=== GIVEN INFORMATION ===

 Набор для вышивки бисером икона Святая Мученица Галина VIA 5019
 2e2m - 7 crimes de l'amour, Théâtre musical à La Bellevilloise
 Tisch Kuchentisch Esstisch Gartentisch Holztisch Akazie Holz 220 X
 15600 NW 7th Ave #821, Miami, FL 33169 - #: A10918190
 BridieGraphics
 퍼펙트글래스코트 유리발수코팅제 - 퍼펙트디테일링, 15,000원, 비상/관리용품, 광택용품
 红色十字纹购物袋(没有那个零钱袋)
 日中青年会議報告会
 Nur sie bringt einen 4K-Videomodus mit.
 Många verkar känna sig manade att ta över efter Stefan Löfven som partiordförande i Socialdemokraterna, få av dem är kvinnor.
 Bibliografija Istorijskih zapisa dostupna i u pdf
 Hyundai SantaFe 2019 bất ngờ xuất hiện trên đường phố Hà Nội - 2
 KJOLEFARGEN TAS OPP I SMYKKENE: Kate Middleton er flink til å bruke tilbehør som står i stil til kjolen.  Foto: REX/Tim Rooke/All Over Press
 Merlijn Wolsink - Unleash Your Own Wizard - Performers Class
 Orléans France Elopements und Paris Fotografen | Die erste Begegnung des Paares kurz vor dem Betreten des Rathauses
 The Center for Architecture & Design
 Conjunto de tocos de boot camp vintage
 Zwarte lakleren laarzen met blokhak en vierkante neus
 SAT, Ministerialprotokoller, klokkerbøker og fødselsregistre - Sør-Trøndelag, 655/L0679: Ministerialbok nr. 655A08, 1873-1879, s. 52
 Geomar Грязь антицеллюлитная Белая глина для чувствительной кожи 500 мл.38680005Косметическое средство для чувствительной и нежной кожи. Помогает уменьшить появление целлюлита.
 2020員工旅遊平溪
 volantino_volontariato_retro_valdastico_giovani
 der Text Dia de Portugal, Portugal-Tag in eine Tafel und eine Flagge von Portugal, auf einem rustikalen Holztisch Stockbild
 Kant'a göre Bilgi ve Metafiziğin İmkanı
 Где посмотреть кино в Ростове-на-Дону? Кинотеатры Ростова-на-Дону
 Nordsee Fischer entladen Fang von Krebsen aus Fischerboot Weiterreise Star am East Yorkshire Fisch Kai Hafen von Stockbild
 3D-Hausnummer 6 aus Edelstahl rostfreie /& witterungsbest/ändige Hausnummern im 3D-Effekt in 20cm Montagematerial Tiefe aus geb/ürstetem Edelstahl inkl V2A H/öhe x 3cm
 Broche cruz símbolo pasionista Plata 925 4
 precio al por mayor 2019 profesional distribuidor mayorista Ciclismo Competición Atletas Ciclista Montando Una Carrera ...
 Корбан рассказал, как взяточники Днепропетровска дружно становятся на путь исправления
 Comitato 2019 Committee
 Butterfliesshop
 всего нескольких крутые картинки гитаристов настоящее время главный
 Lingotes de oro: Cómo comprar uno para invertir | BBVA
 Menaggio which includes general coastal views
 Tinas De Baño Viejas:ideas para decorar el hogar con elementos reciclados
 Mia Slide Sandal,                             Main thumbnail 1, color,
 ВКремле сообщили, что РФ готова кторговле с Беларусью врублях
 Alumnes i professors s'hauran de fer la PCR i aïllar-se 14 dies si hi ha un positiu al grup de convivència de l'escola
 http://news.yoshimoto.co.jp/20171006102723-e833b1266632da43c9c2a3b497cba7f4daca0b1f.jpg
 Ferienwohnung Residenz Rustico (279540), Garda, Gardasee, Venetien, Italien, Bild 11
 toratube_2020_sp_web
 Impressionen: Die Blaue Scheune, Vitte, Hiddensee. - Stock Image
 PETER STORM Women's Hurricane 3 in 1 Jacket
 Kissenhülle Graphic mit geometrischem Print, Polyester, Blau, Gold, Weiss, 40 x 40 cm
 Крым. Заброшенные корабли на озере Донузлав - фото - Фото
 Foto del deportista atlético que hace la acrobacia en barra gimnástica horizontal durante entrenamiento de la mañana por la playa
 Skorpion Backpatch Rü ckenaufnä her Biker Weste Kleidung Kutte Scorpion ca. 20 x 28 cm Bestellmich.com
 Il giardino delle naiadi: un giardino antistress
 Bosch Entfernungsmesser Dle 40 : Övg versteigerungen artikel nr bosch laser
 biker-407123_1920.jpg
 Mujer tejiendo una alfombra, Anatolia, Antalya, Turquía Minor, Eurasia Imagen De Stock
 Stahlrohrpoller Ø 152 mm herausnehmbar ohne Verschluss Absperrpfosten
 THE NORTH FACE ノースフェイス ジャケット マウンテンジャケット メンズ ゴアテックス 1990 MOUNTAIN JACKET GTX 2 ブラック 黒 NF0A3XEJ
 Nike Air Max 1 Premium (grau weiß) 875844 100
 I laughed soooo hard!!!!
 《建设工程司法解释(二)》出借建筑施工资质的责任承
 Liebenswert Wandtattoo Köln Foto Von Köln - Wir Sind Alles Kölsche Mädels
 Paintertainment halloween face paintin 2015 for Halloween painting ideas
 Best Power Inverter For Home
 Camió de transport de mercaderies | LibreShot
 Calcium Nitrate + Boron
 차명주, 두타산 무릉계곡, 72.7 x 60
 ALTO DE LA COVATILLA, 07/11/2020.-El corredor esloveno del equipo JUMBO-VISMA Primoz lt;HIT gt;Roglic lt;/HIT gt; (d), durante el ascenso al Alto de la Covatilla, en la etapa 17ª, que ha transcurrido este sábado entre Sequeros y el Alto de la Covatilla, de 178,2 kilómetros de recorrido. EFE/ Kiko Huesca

===

- **TASK PROMPT**:
Reproduce the lines above, beginning at the line with "biker-407123_1920.jpg" and stopping after the line with "Nike Air Max", exactly as they are.

- **ANSWER SPACE**:
 biker-407123_1920.jpg
 Mujer tejiendo una alfombra, Anatolia, Antalya, Turquía Minor, Eurasia Imagen De Stock
 Stahlrohrpoller Ø 152 mm herausnehmbar ohne Verschluss Absperrpfosten
 THE NORTH FACE ノースフェイス ジャケット マウンテンジャケット メンズ ゴアテックス 1990 MOUNTAIN JACKET GTX 2 ブラック 黒 NF0A3XEJ
 Nike Air Max 1 Premium (grau weiß) 875844 100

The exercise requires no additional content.